I couldnt agree with you more. I ran the one of the first libraries in the nation that loaned Kindles and iPads. My goals were not what many of my colleagues assumed. I really wanted to start understanding the ecosystem and figure out a way to use our only weapon, Fair Use, to develop a more sustainable and long term model for ebook “purchasing” and lending. To that end I developed a simple iOS app that bypassed Overdrive and approximated many of its basic functions.
Here in the state of Colorado we have now taken that further than ever. Douglas County libraries has purchased their own Adobe Content Server and we have a couple of agreements with smaller publishers that get as close to “ownership” as anything we have seen to date. We are also working on agreements with more mainstream publishers. For more info you can read my Chapter in the second edition of No Shelf Required (due out in January).
Excellent article Bill.
I always love your insightful analysis – and thanks for inspiring me not to give up on the viability of a secondary market for digital media!

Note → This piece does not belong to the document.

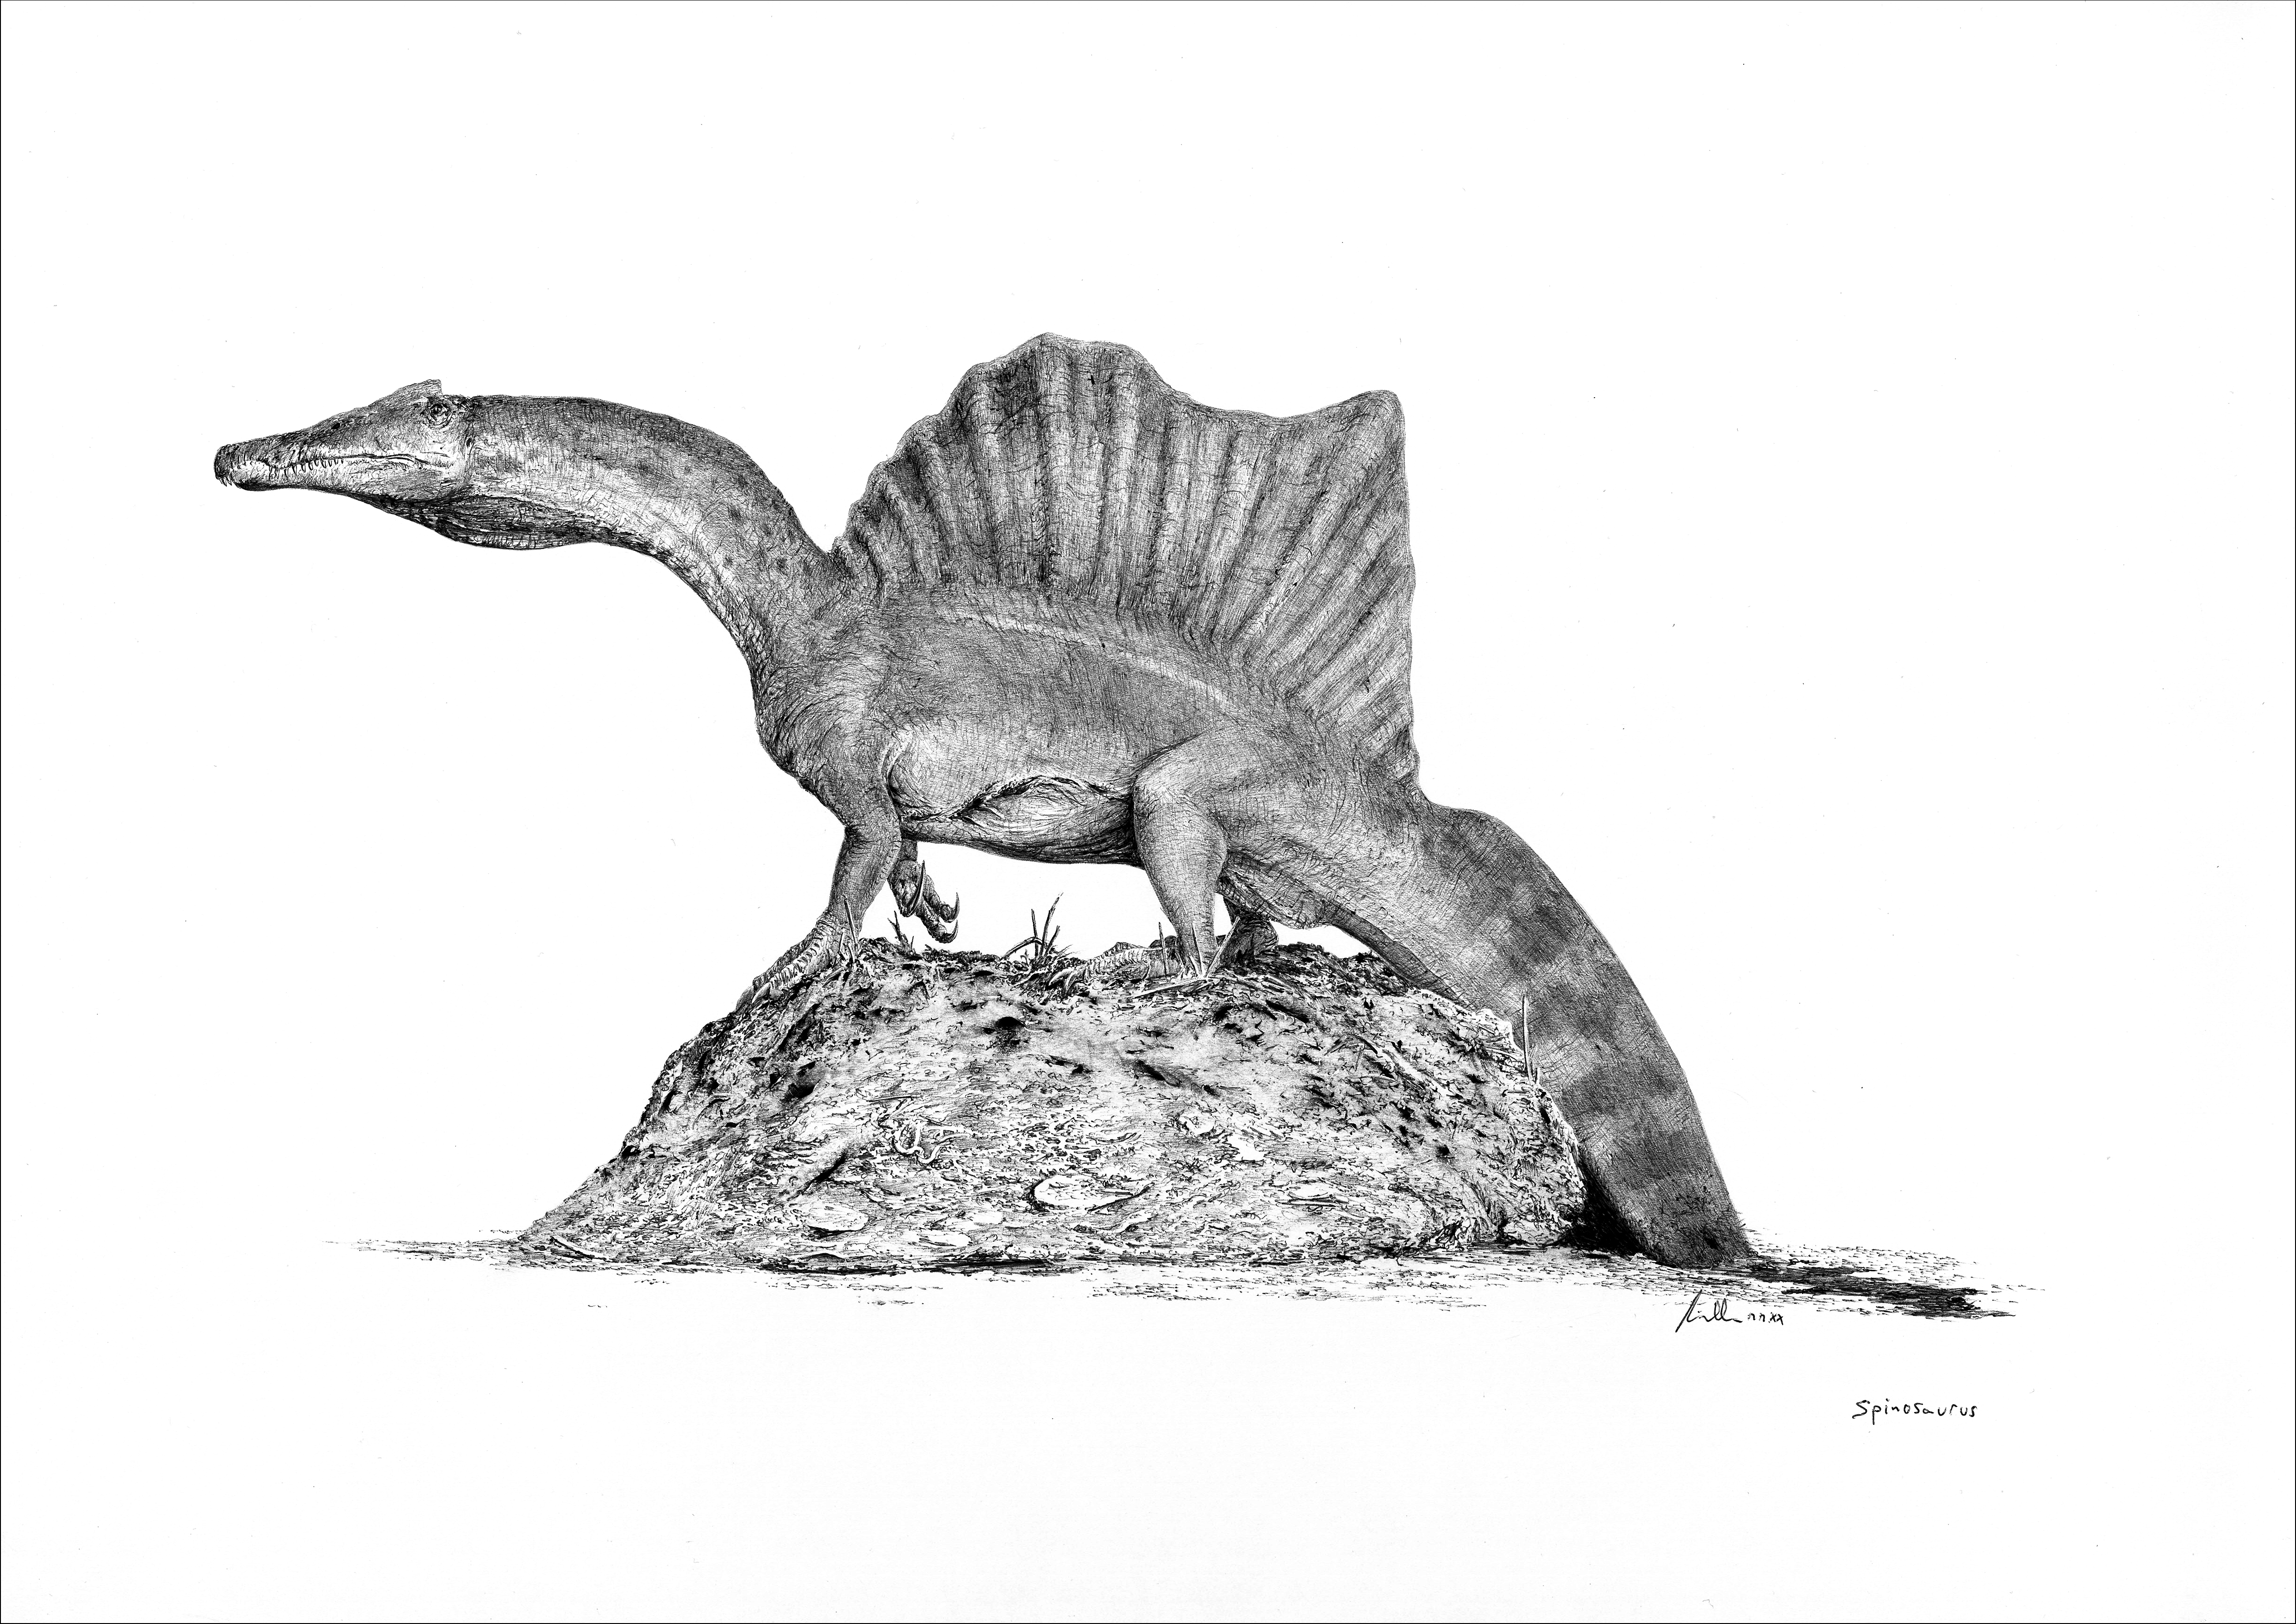 Nové vzezření spinosaura podle aktuální vědecké studie, popisující ocasní část páteře mladého jedince, objeveného v sedimentech souvrství Kem Kem v Maroku. Spinosaurus byl podle nových zjištění prvním známým „obojživelným“ dinosaurem, a to přinejmenš

Thanks for your comment – though I’m a little confused. Why would what I’ve written “inspire” you to pursue a secondary market for digital media? For example see my piece on ReDigi from a few weeks ago. I am deeply skeptical that a secondary market for digital content can exist at all. Even if libraries can somehow get the changes in the law that I describe here pushed through, the forces against Digital First Sale are very strong. Without Digital First Sale, a secondary market in digital copyrighted materials is only possible by getting explicit licensing agreements with copyright owners — agreements which most copyright owners would find not to their benefit.
Thanks for writing. Peter Brantley had told me about what you guys are doing in Colorado. I get occasional calls from people who want to host their own e-book servers instead of using a third-party service like Overdrive, for similar reasons. But most of them don’t have the resources to do it.
However, I understand that your sites have “buy this book” buttons alongside the “borrow this e-book” ones. I would like to know more about that. Does the buy button apply to print or e-book? If the latter, is this a requirement from the publishers who are licensing material to you? Because I wonder if this might backfire. As I’m sure you know, you will end up with hard data about the promotional value of libraries in selling e-books. This data could possibly prove to publishers — especially the majors — that the promotional value is inferior to other ways of promoting e-books, such as giving away the first chapter on Amazon or whatever. If I were running a library, I would not want to have to justify my existence based on my library’s ability to maximize revenue for publishers. That’s not why libraries were put on earth.